Гитлер встречал эти слова без особого умиления. Выражение лица его было по–прежнему строгим, глаза сверлящими. Груз прежних, хотя и оправданных, как и в каждой войне, ошибок заставлял его быть сдержанным, и внутреннюю гордость всем, что происходило теперь, он намеренно скрывал, давая волю похвалам и восторгам со стороны других. К этому его побуждал пошатнувшийся личный престиж, но Гитлер сваливал все просчеты и ошибки на разуверившихся в победе генералов и фельдмаршалов. "Послушаю, что говорят сегодня и скажут завтра эти маловеры", — думал он.

Наступал кульминационный день битвы. Ровно в назначенное время собрались на обзор военных действий, и на этот раз сообщение делал генерал Цейтцлер. Но что это с ним? С первых же слов поперхнувшись, он закашлялся, не мог вымолвить того, о чем должен был сообщить. Голос шипел, как простуженный.

— Господин генерал, вы будто у гуся заняли голос, — поддел Геринг. Выпейте воды.

Генерал Цейтцлер повертел округлой головой, увидел на боковом столике сифон, нацедил в стакан воды, отпил глотка два, но и смочив горло все еще сипел.

Гитлер, неприязненно косясь, ждал, что скажет Цейтцлер. И тот, оправившись наконец от подкативших к горлу спазм, передохнул и заговорил:

— Мой фюрер, дела под Курском складываются так, что вынуждают меня доложить неприятное… Русские остановили наступление, измотали силы, обескровили…

Гитлер поднял тяжелые, опухшие глаза, его мучила бессонница, и, все еще не веря услышанному, переспросил:

— Кто измотан и обескровлен? Говорите внятнее, господа!

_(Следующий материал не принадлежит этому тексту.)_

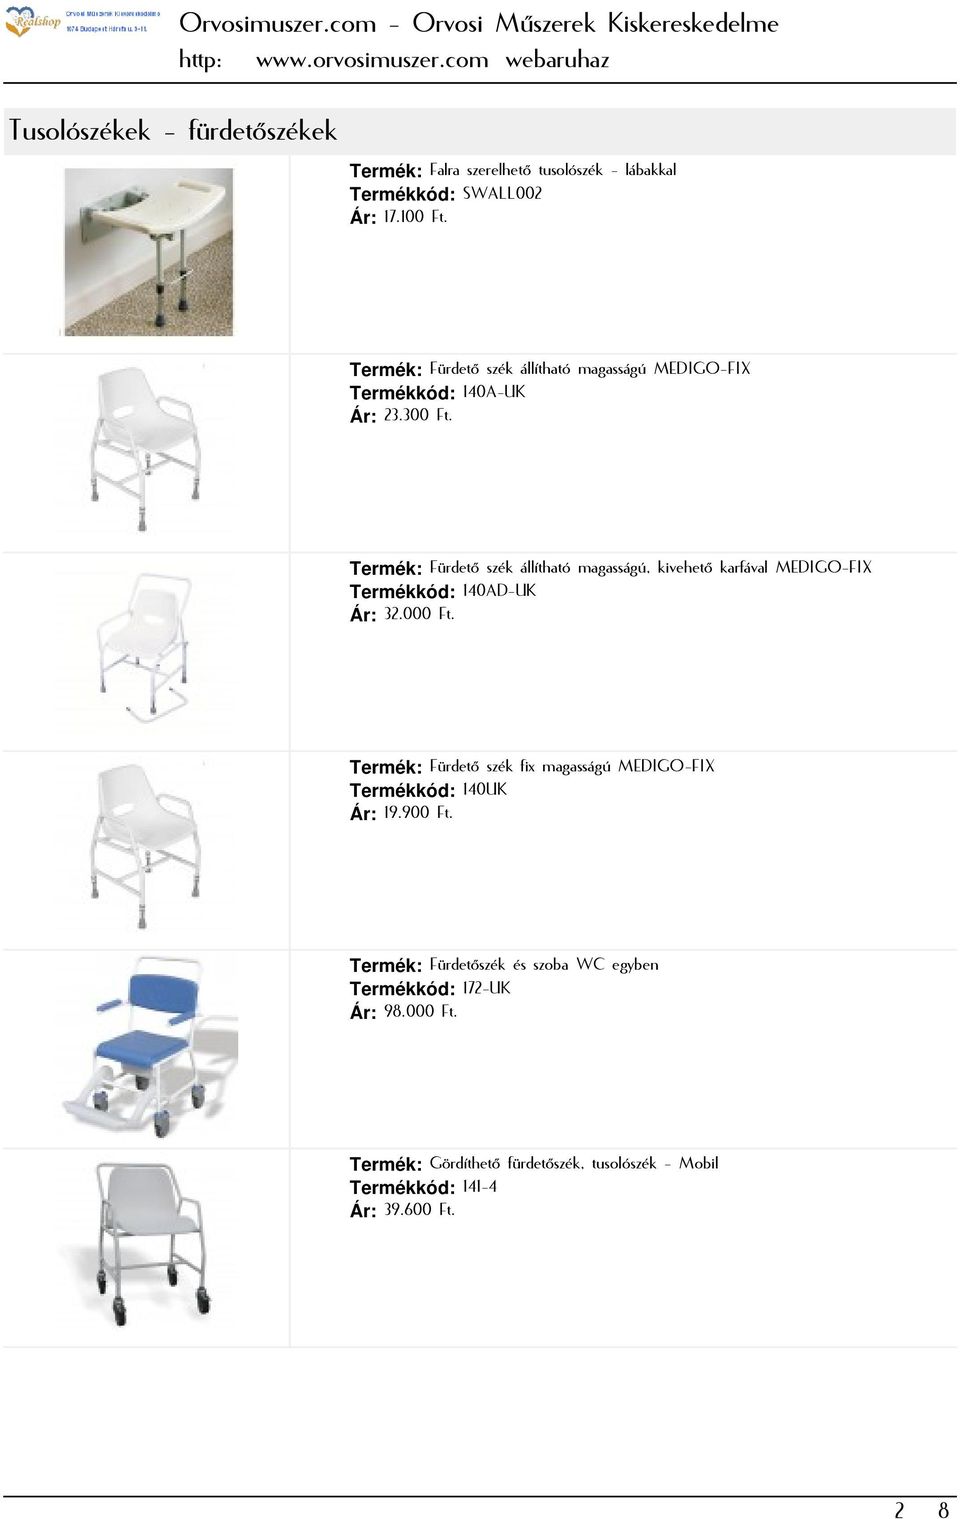 Termék: Fürdető szék állítható magasságú, kivehető karfával MEDIGO-FIX Termékkód: 140AD-UK Ár: 32.000 Ft.

Генерал Цейтцлер оглянулся, ему почудилось, что докладывает не один он, а и рядом сидящие Кейтель, Йодль, Борман, Геббельс — все, все говорят в один голос, и он начал уже громче, будто перебивая:

— Советские армии в удобный час навязали нам контрнаступление. Это контрнаступление ведется мощными силами, которые нельзя сдержать, и дело идет к отходу наших…

— Садитесь, безмозглый манекен! — крикнул Гитлер так громко, как будто вокруг сидели оглохшие или сам он оглох и не слышал собственного истеричного голоса. Но, тотчас взяв себя в руки, Гитлер обвел глазами зал, задержал пристальный, доверительный взгляд на Йодле, будто запамятовал и расхождения с ним, и то, как собирался изгнать его со службы. Все же не изгнал, а, наоборот, в январе нынешнего года вручил ему золотой значок партии, увидев в нем новые качества и убежденного нациста, и преданнейшего военного советника. — Доложите, генерал, я верю вам, — обратился он к Йодлю. — Что там случилось, какой может быть отход?